# Исследование Postgres

In [23]:
import time
import statistics

class TimerCode:
    def __init__(self):
        self.start = time.time()
        self.durations = []

    def setup_start_time(self):
        self.start = time.time()

    def checkpoint(self):
        end_time = time.time()
        self.durations.append(end_time - self.start)
        self.start = end_time

    def get_current_stat(self):
        print(f"Median - {statistics.median(self.durations)}")
        avg = statistics.mean(self.durations)
        print(f"Average - {avg}")
        print(f"Summary - {sum(self.durations)}")

    def __enter__(self):
        return self

    def __exit__(self, type, value, traceback):
        self.get_current_stat()

In [24]:
import psycopg2
import uuid
import random

db_params = {
    'host': 'localhost',
    'port': 5432,
    'dbname': 'db',
    'user': 'user',
    'password': 'password'
}

conn = psycopg2.connect(**db_params)
cur = conn.cursor()

cur.execute("DROP TABLE IF EXISTS users CASCADE;")
cur.execute("DROP TABLE IF EXISTS movies CASCADE;")
cur.execute("DROP TABLE IF EXISTS bookmarks CASCADE;")
cur.execute("""
    CREATE TABLE IF NOT EXISTS users (
        id int PRIMARY KEY,
        name VARCHAR(255) NOT NULL
    );
""")

cur.execute("""
    CREATE TABLE IF NOT EXISTS movies (
        id int PRIMARY KEY,
        title VARCHAR(255) NOT NULL
    );
""")

cur.execute("""
    CREATE TABLE IF NOT EXISTS bookmarks (
        user_id int REFERENCES users(id),
        movie_id int REFERENCES movies(id),
        PRIMARY KEY (user_id, movie_id)
    );
""")

cur.execute("TRUNCATE TABLE users CASCADE;")
cur.execute("TRUNCATE TABLE movies CASCADE;")
cur.execute("TRUNCATE TABLE bookmarks CASCADE;")

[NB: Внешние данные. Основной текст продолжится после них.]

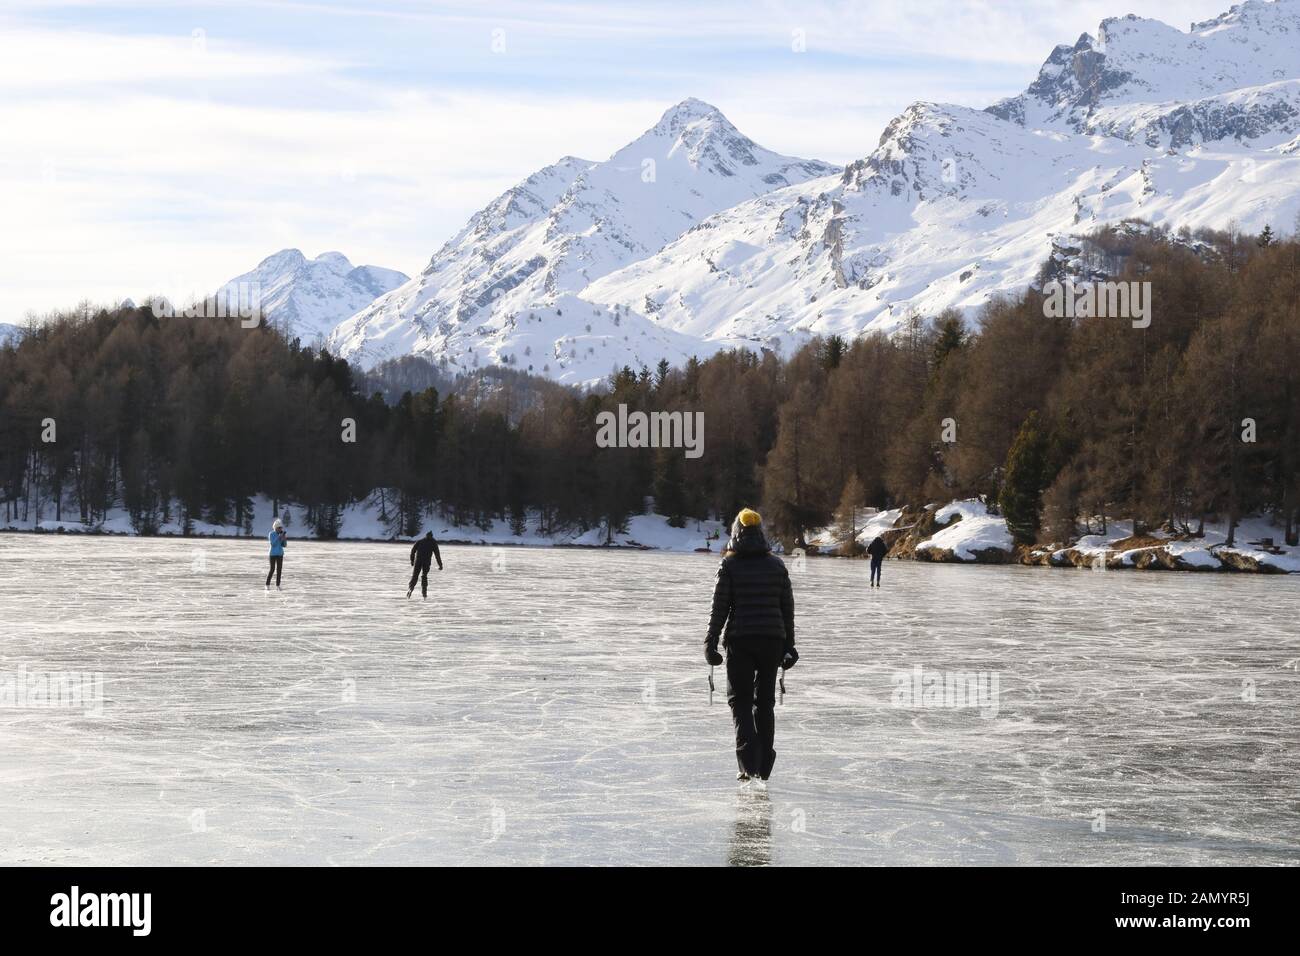 Eislaufvergnügen Silsersees auf dem Schwarzeis des. Banque D'Images
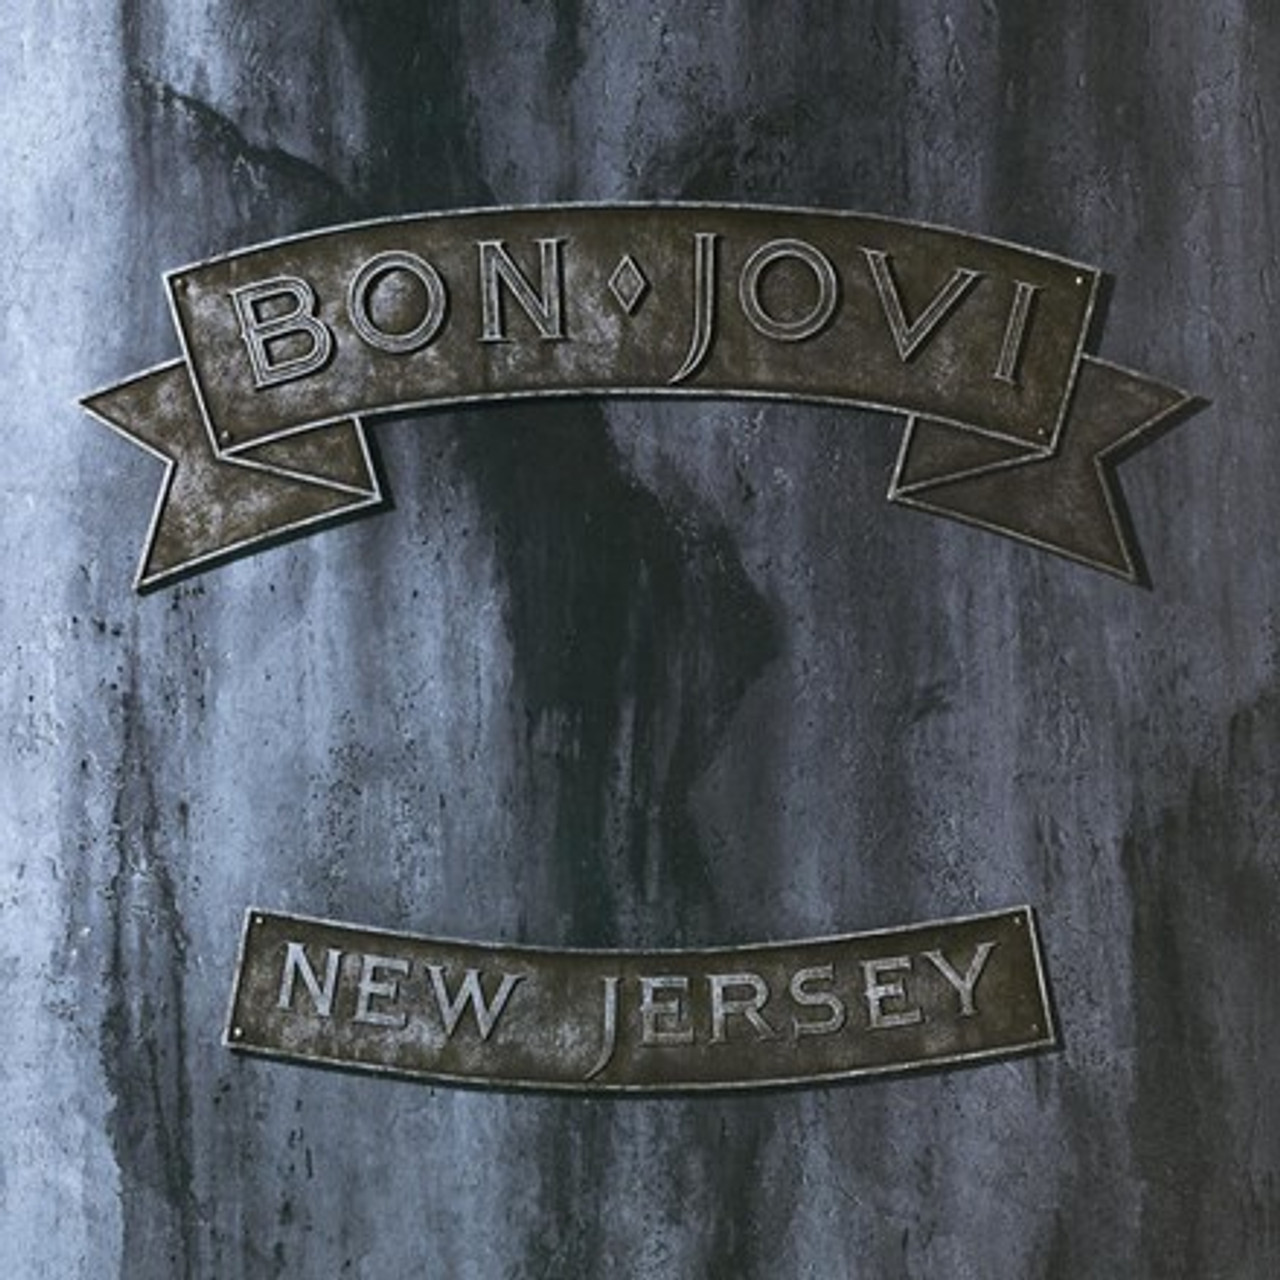 BON JOVI NEW JERSEY バンドスコア-connectedremag.com

# Generate some fake user and movie ids
USERS_NUM = 5_000
MOVIES_NUM = 3_000

BOOKMARKS_PER_USER = 40

user_ids = [i for i in range(USERS_NUM)]
movie_ids = [i for i in range(MOVIES_NUM)]


In [25]:

with TimerCode() as timer:
    print('Время загрузки пользователей')
    timer.setup_start_time()
    for user_id in user_ids:
        cur.execute("INSERT INTO users (id, name) VALUES (%s, %s)", (user_id, user_id))
    timer.checkpoint()


Время загрузки пользователей
Median - 4.47627592086792
Average - 4.47627592086792
Summary - 4.47627592086792


In [26]:
with TimerCode() as timer:
    print('Время загрузки фильмов')
    timer.setup_start_time()
    for movie_id in movie_ids:
        cur.execute("INSERT INTO movies (id, title) VALUES (%s, %s)", (movie_id, movie_id))
    timer.checkpoint()



Время загрузки фильмов
Median - 2.495952844619751
Average - 2.495952844619751
Summary - 2.495952844619751


In [27]:
with TimerCode() as timer:
    print('Время загрузки закладок')
    for user_id in user_ids:
        bookmarks = [
            movie_id for movie_id in random.sample(movie_ids, BOOKMARKS_PER_USER)
        ]
    timer.setup_start_time()
    for movie_id in bookmarks:
        cur.execute("INSERT INTO bookmarks (user_id, movie_id) VALUES (%s, %s)", (user_id, movie_id))
    timer.checkpoint()



Время загрузки закладок
Median - 0.033963918685913086
Average - 0.033963918685913086
Summary - 0.033963918685913086


In [29]:
with TimerCode() as timer:
    print('Время чтения закладок')
    timer.setup_start_time()
    cur.execute("SELECT * FROM bookmarks;")
    timer.checkpoint()


conn.commit()
cur.close()
conn.close()

Время чтения закладок
Median - 0.002110004425048828
Average - 0.002110004425048828
Summary - 0.002110004425048828